Criminalising brothels, soliciting and the practice of prostitution in proximity to public places in an attempt to curtail prostitution has clearly failed, which is patently evident from the fact that metropolitan cities like Mumbai and Kolkata boast red light areas of  Kamathipura and Sonagachi respectively, which rank as some of the largest red light areas in Asia. The Act has  made sex workers more vulnerable by forcing them to work in the darker, more invisible corners of the cities, silently suffering exploitation. This seclusion of sex workers also implies that they are left in oblivion about access to information about and treatments for sexually transmitted diseases, which they are most at risk of contracting. Further, it also means that they can’t access public facilities like public hospitals, colleges and schools, the access to which are quintessential for them to expand their opportunities and improve the quality of their lives.

Mainstreaming sex work, easing access to birth control methods and medical aid together with educational opportunities will not only enable sex workers to live a more normal life but will also work to a great extent to prevent their exploitation because they will no longer be vulnerable to their perpetrators.
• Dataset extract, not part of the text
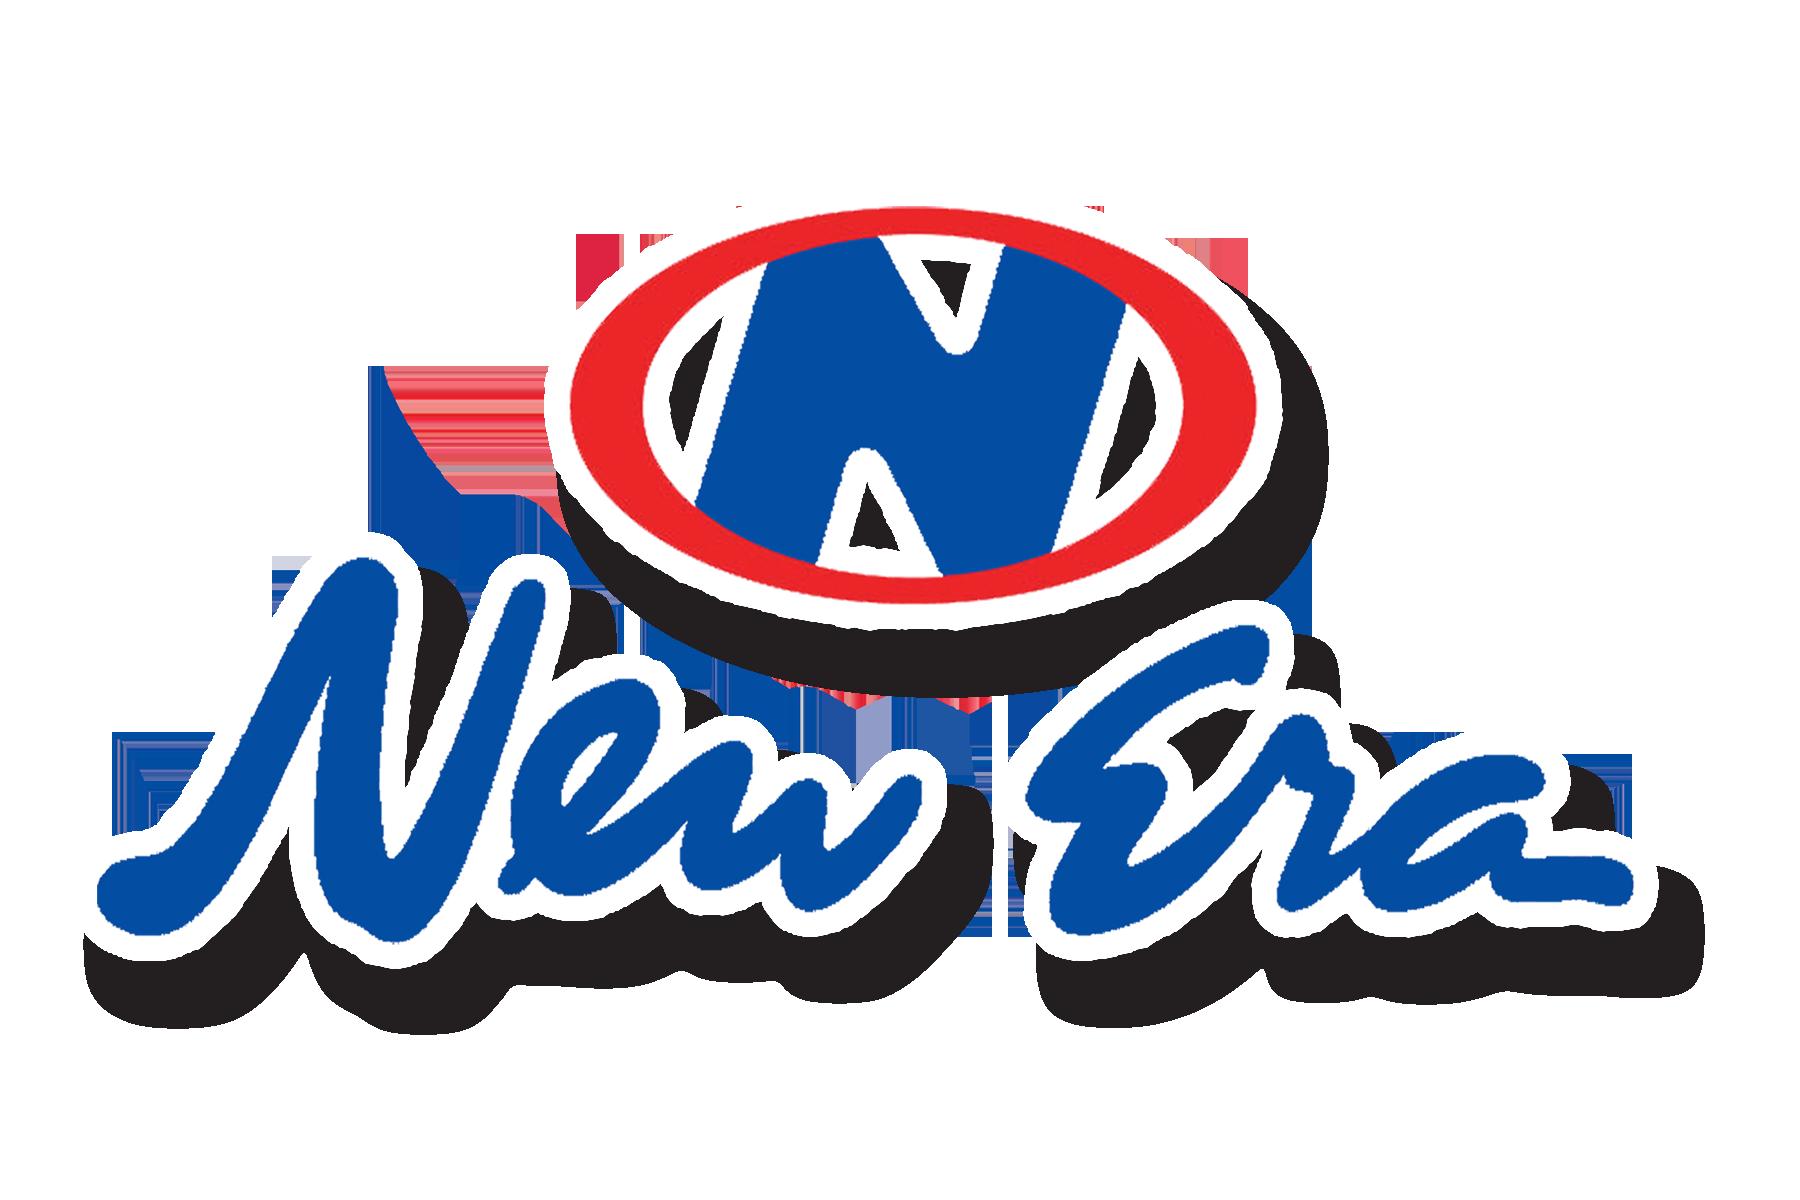 new era logo wwwpixsharkcom images galleries with a

The Act does not do a great job with prevention of sex trafficking, either. The Act mandates that victims rescued from the sex trade remain within a ‘protective home’ until the court orders their release. These protective homes are more like a prison, with the one in Mumbai having three barred gates before the women’s living quarters. ‘The women usually stand behind these doors, asking staff or visitors like myself, police personnel or NGO representatives when they would be released,” writes Ms Vibhuti Ramachandran, whose research is focused at the intersection of law and sex trade in India, in her article: Rescued But Not Released. These women are held in protective homes until the magistrate decides the suitability of their guardians. Often, the legal formalities mean that these women end up being forced to remain in protective homes beyond the 3 week period allocated for court procedures. This is applicable for women who are older than 18 years and their consent or opinion doesn’t find a formal place in the entire process. After a harrowing experience, a broken mind and body, victims of sex trafficking need emotional, mental and physical care to allow them to heal and grow. Although intended to ensure the safety of these women, this aspect of the Act almost makes them crave for relief and rescue all over again — initially from the clutches of their exploiters and now from ‘protective homes’. The entire process of rescuing victims of sex trafficking and transitioning them into the mainstream society requires a more empathetic perspective for women, with due respect to free consent and the choice of these human beings.
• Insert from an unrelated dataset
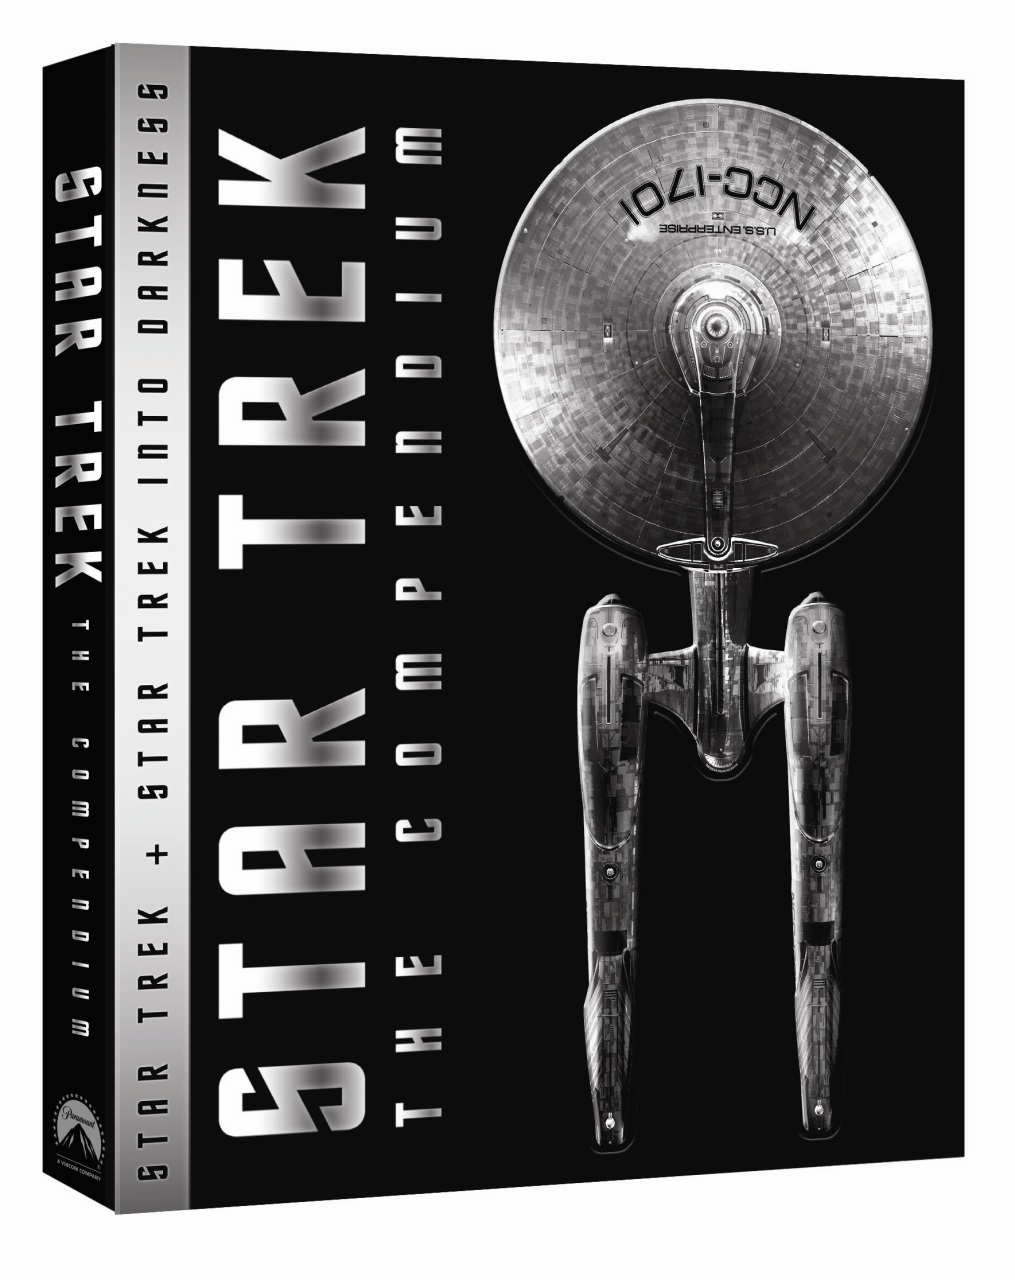 Star Trek The Conpendium Blu-ray Review

Thus, if the intention of the legislation is to protect sex workers and victims of sex trafficking and provide them with opportunities for growth, it is indispensable to understand their problem from their perspective and make them a part of the decision-making process instead of ignoring their voice and consent. It is important to understand the nuanced differences between the motivations of why some people voluntarily choose to do sex work and address their interests and at the same time is important to punish sex traffickers and rehabilitate women who were forced into sex work. A more inclusive legislation — legislation for sex workers and trafficked women and not for the upholding ideals of socially construed morality is the need of the hour and this is only possible, when we lend an ear to their voices.

Miranda Kane, a former sex-worker says: “I would like to gently suggest to you, when a sex worker talks, you listen. If you want to make laws that affect us, consult us. There should be nothing about us, without us.”

Sara Sethia is a Research Associate (Gender Justice) at One Future Collective.